GA4StratificationP2: The genetic algorithm function to determine the stratum boundaries and sample sizes of each stratum in stratified sampling with Proportional Sample Allocation Scheme

Description

This is the general function in Genetic Algorithm that initially generates a random generation and then applies the fitness function, selects, mutates and crossovers in order to obtain the best solution.

Usage

GA4StratificationP2(dataName, numberOfStrata, sampleSize, iteration, GAgenerationSize, mutationRate)

Arguments

dataName
A string: The name of any type of numeric data containing the values of a univariate stratification variable.
numberOfStrata
An integer: The number of strata.
sampleSize
An integer: The total sample size.
iteration
An integer: The number of iterations in the Genetic Algorithm process.
GAgenerationSize
An integer: The number of the generations in the Genetic Algorithm process.
mutationRate
A numeric: The mutation rate in the Genetic Algorithm process. Mutation rate must be in between 0 and 1, inclusive.

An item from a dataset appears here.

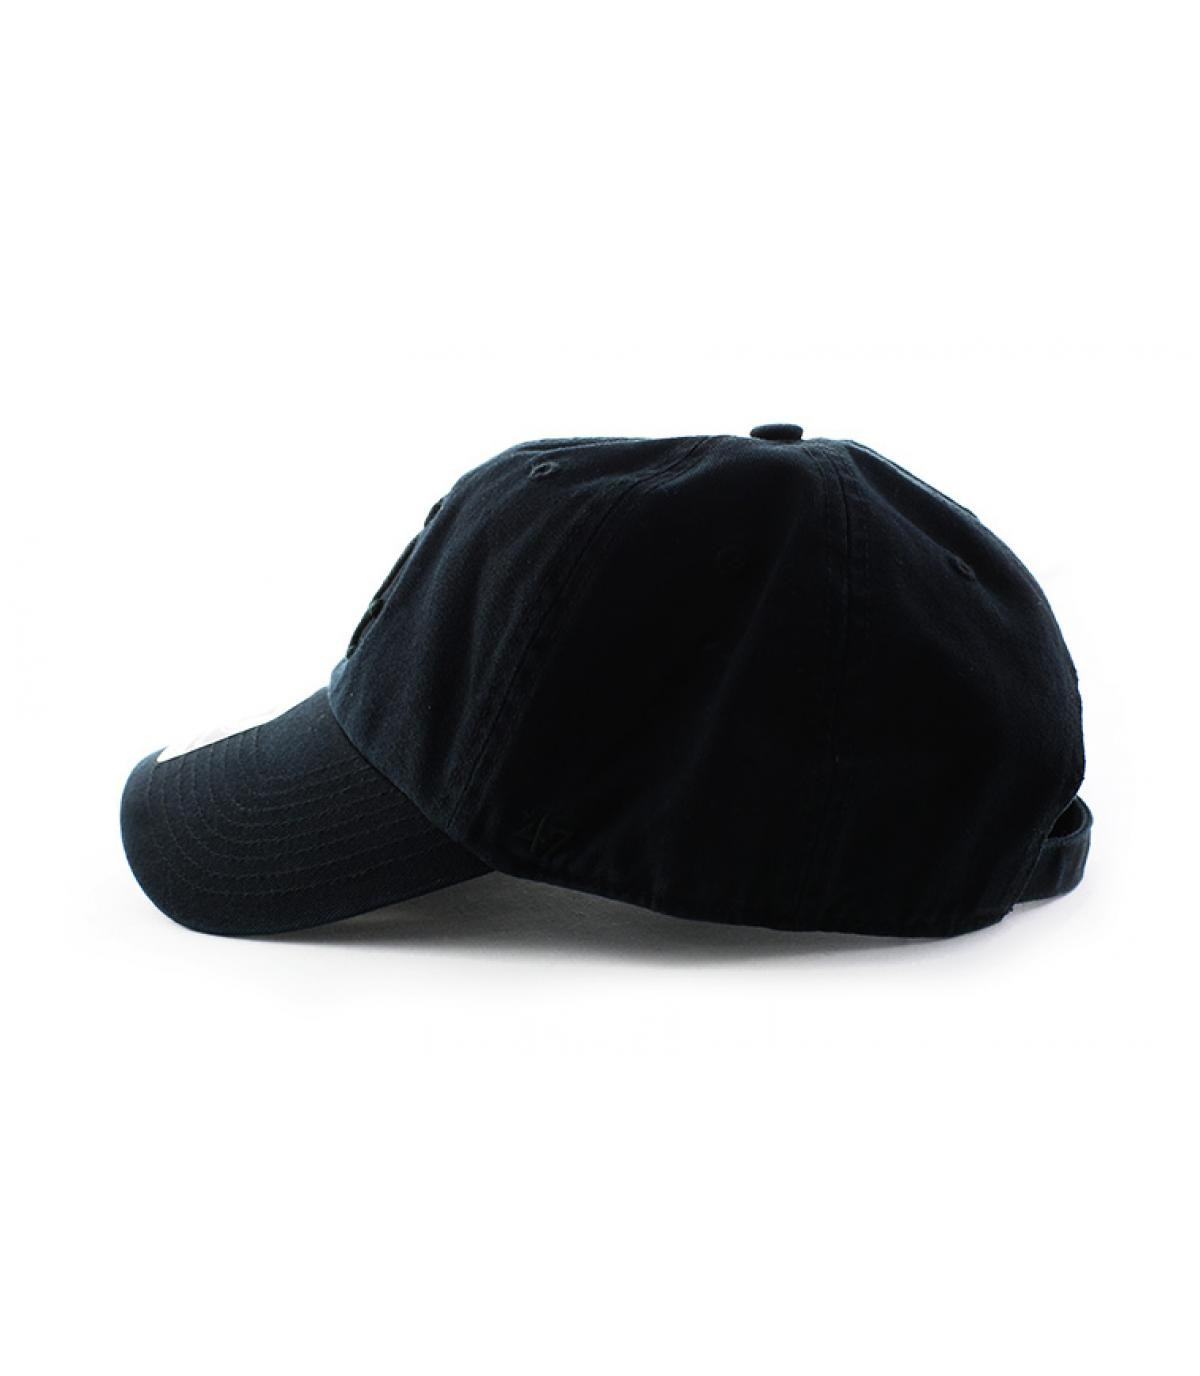 Detalles Clean Up Sox black black imagen 4
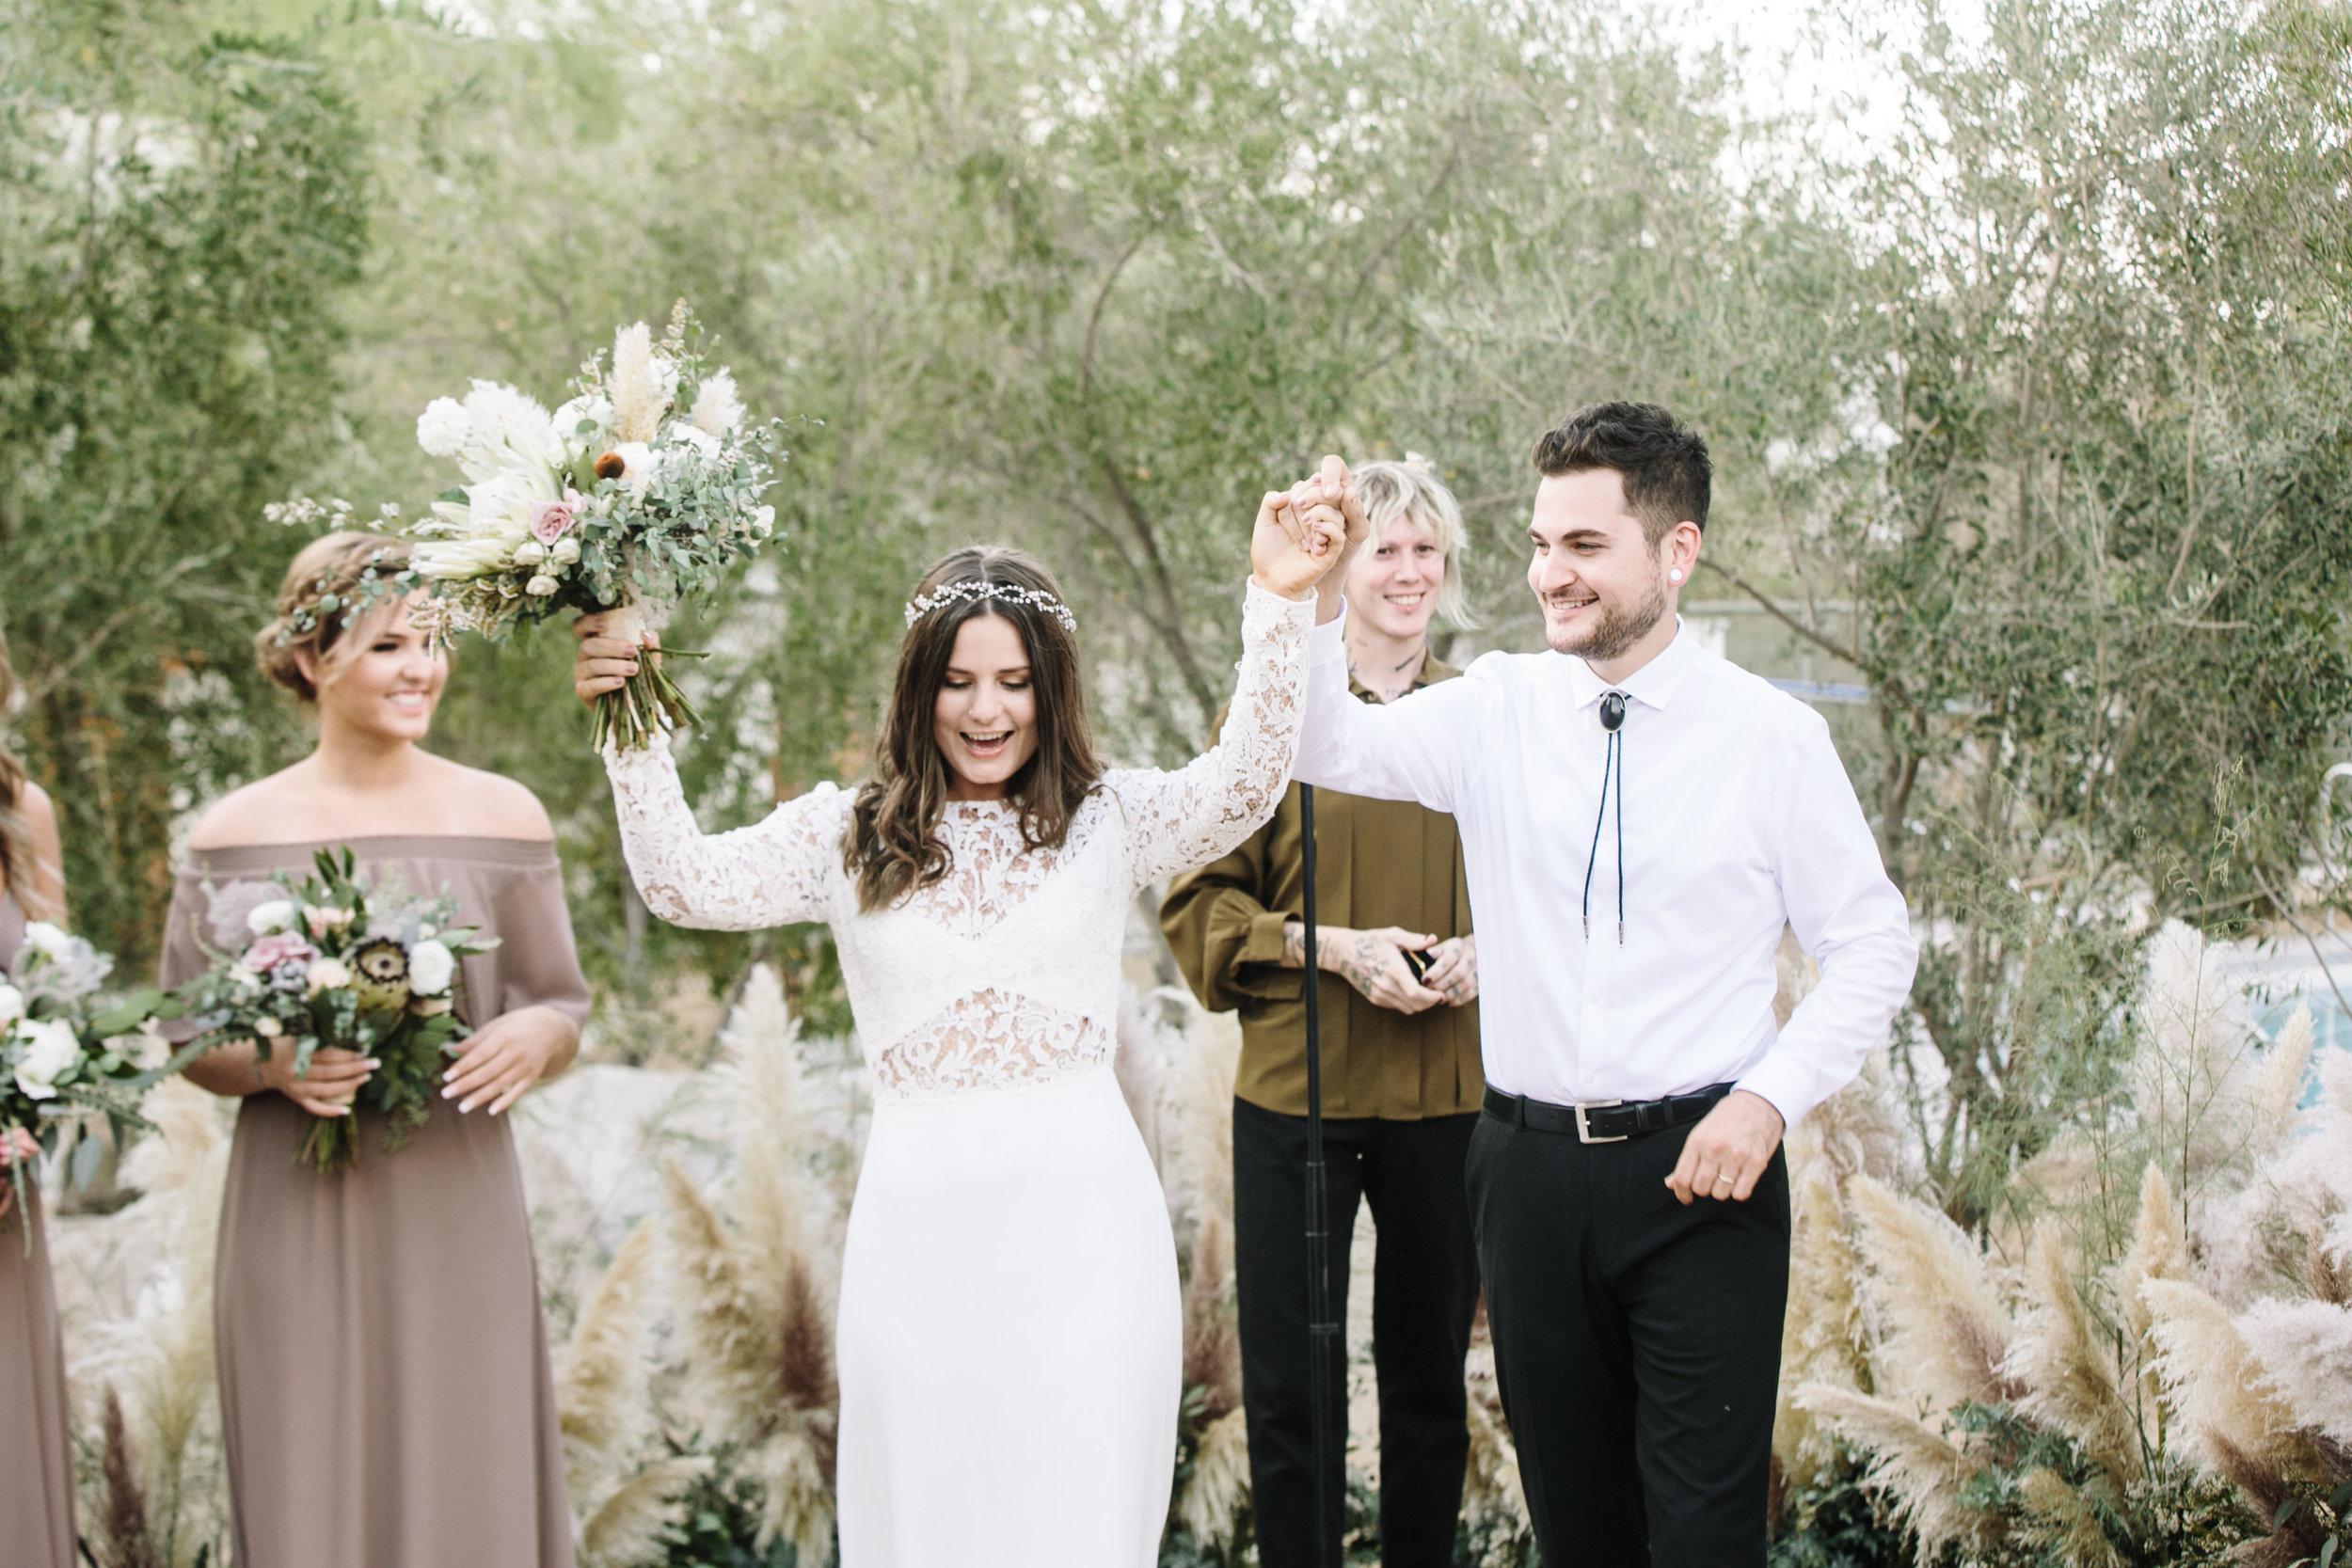 Ace Hotel Palm Springs Wedding Couple Says I DO

Small levels of mutation rate is preferable in Genetic Algorithm approach.

References

http://ideas.repec.org/a/eee/csdana/v52y2007i1p53-67.html

http://www.sciencedirect.com/science/article/B6V8V-4NHM520-1/2/a21e0295aa1616ff56da1ddf2c0ba1ac

See Also

GA4StratificationP2fit GA4StratificationP2fitt GA4StratificationP2m GA4StratificationP2x

GA4StratificationSelection randomnumGenerator

Examples

Run this code
## The function is currently defined as
function(dataName,numberOfStrata,sampleSize,iteration,GAgenerationSize,mutationRate)
{
   dataName=data.frame(dataName)
   dataName=data.frame(dataName[order(dataName[,1]),])   
   lengthData=nrow(dataName)
   randomGeneration=array(0,dim=c(GAgenerationSize,lengthData))
   randomNumbers=array(0,dim=c(GAgenerationSize,numberOfStrata-1))
   cumTotal=cumsum(dataName)
   sumSquares=cumsum(dataName^2)
   
   nocrom=GAgenerationSize
   fitp1=array(0,dim=c(1,nocrom))
   fit=array(0,dim=c(nocrom,1))
   N=means=s=n=vars=mas=NN=k=p=t=array(0,dim=c(nocrom,numberOfStrata))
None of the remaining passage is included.